Both
polymeric pour point depressants (PPDs) and asphaltenes can
improve the flowability of waxy oils. However, the effect of polymeric
PPDs together with asphaltenes on the flowability of waxy oils is
not clear. In this paper, the synergistic effect of ethylene–vinyl
acetate (EVA) PPD (100 ppm) and resin-stabilized asphaltenes (0.75
wt %) on the flow behavior of model waxy oils (10–20 wt % wax
content) was investigated through rheological tests, DSC analysis,
microscopic observation, and asphaltenes precipitation tests. The
results showed that the asphaltenes disperse well in the xylene/mineral
oil solvent as small aggregates (around 550 nm) with the aid of resins.

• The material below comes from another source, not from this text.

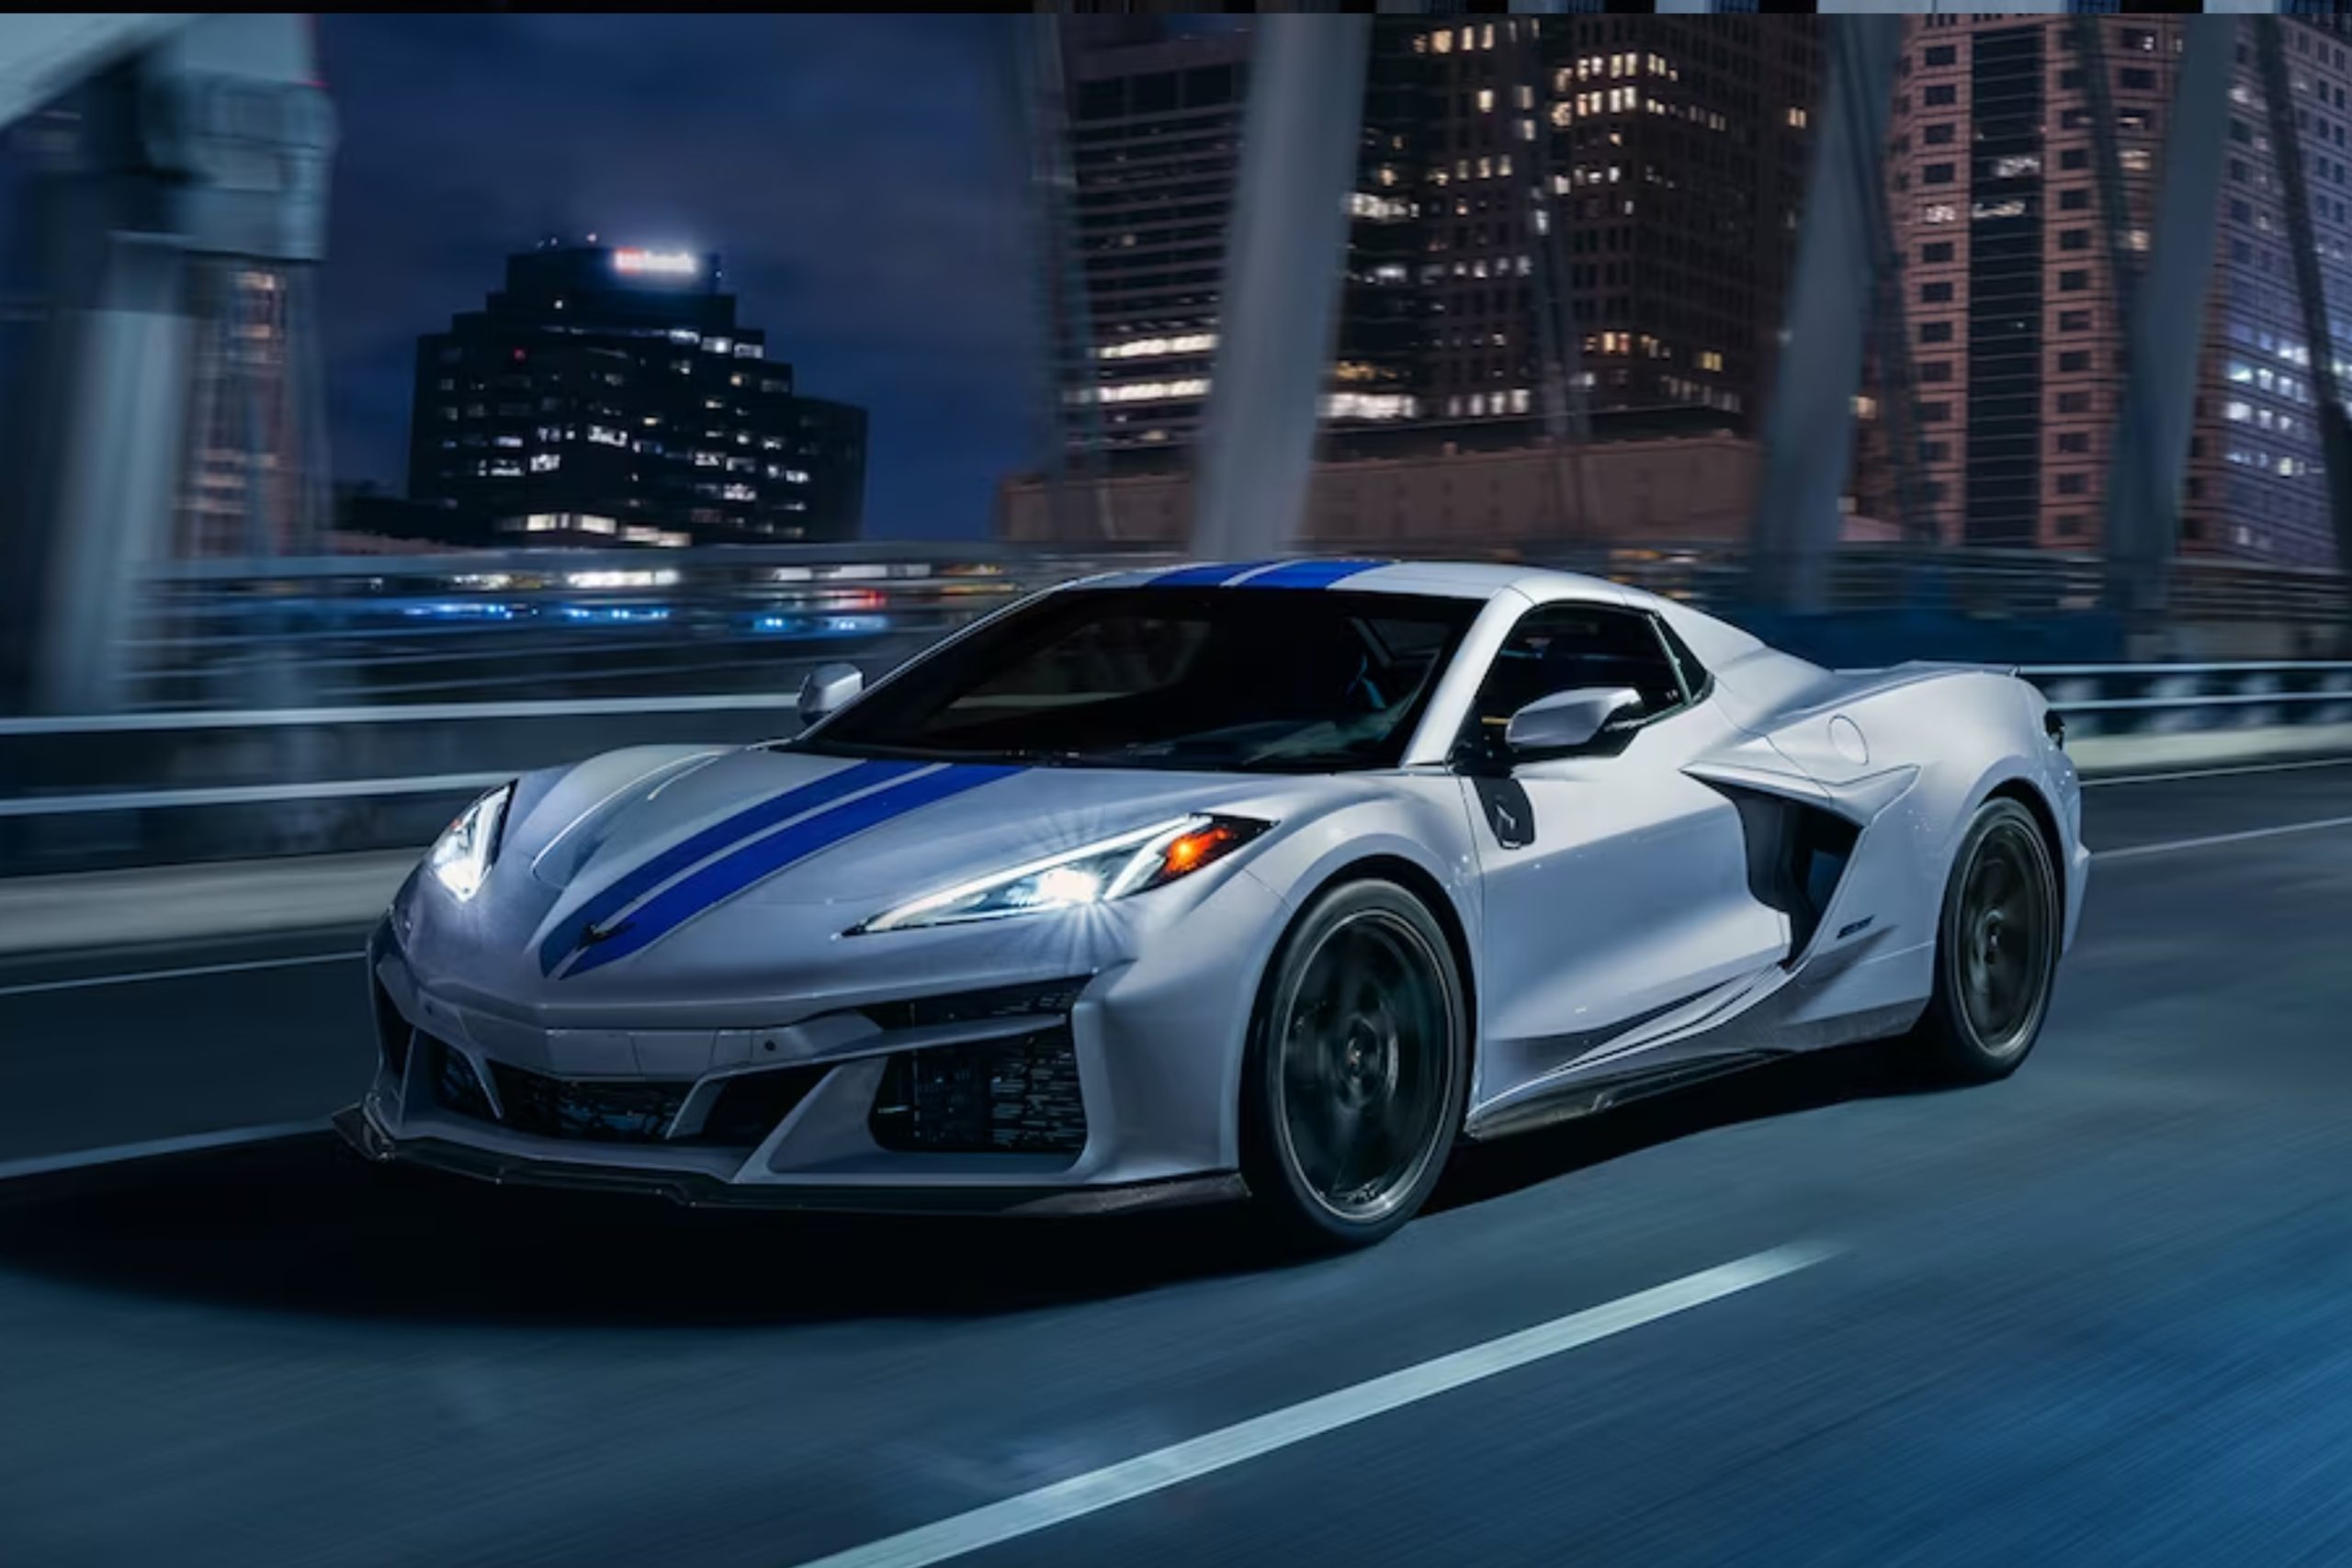 Watch: GM unveiled the new Chevy Corvette E-Ray hybrid sports car with pricing tag at more than $100,000
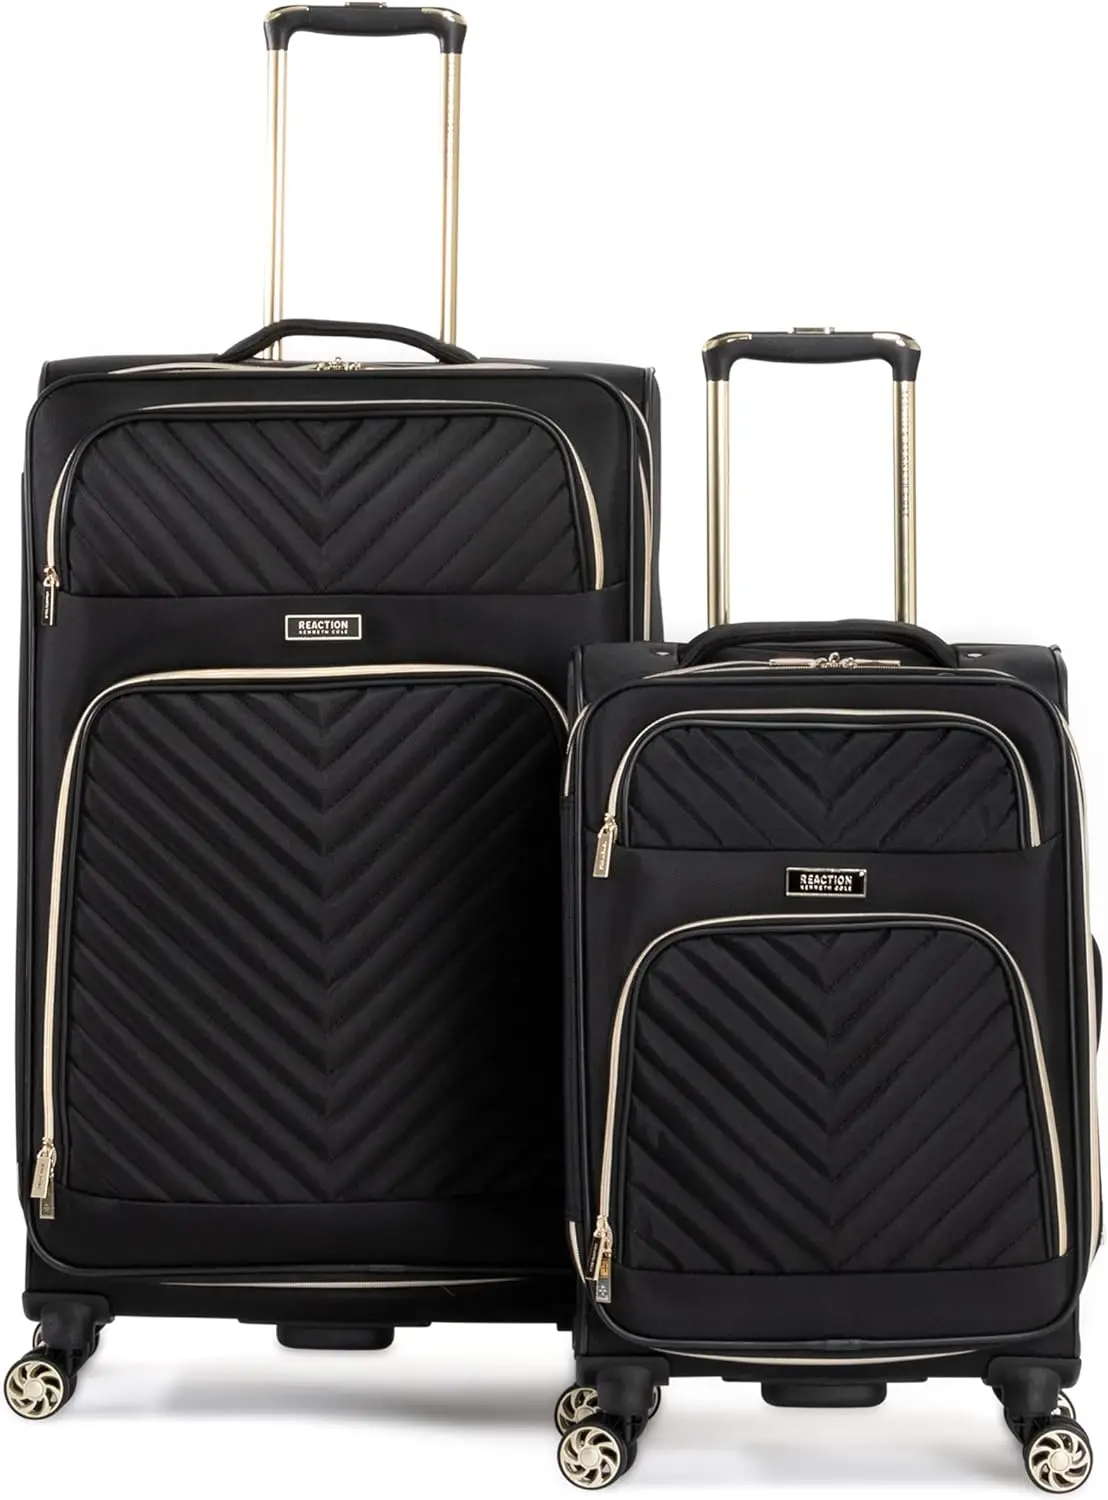 

Kenneth Cole REACTION Chelsea Chevron Quilted Luggage, Black, 2-Piece Set (20"/28")

The EVA or asphaltenes alone moderately improve the flow behavior
of waxy oils by changing the wax crystals’ morphology from
long and needlelike to a large, radial pattern or fine particles,
respectively. The wax precipitation temperatures (WPTs) of waxy oils
are also slightly decreased by adding EVA or asphaltenes, meaning
that the cocrystallization effect between the additives and waxes
is dominant. The addition of EVA together with asphaltenes cannot
further decrease the WPT, but it can dramatically decrease the pour
point, gelation point, G′, G″, and apparent viscosity of waxy oils, indicating that a
synergistic effect exists between EVA and asphaltenes. The synergistic
effect deteriorates upon increasing the wax content of waxy oils.
The EVA molecules can adsorb on the surface of asphaltene aggregates,
thus inhibiting the asphaltenes precipitation and forming the EVA/asphaltenes
composite particles. The formed composite particles can act as wax-crystallizing
templates and then greatly change the wax crystals’ morphology
into large, compact, and spherelike wax crystal flocs, thus dramatically
improving the waxy oil flow behavior. This work enriches the theory
of micro/nano composite PPDs, which is helpful for developing new
PPDs with high efficiency.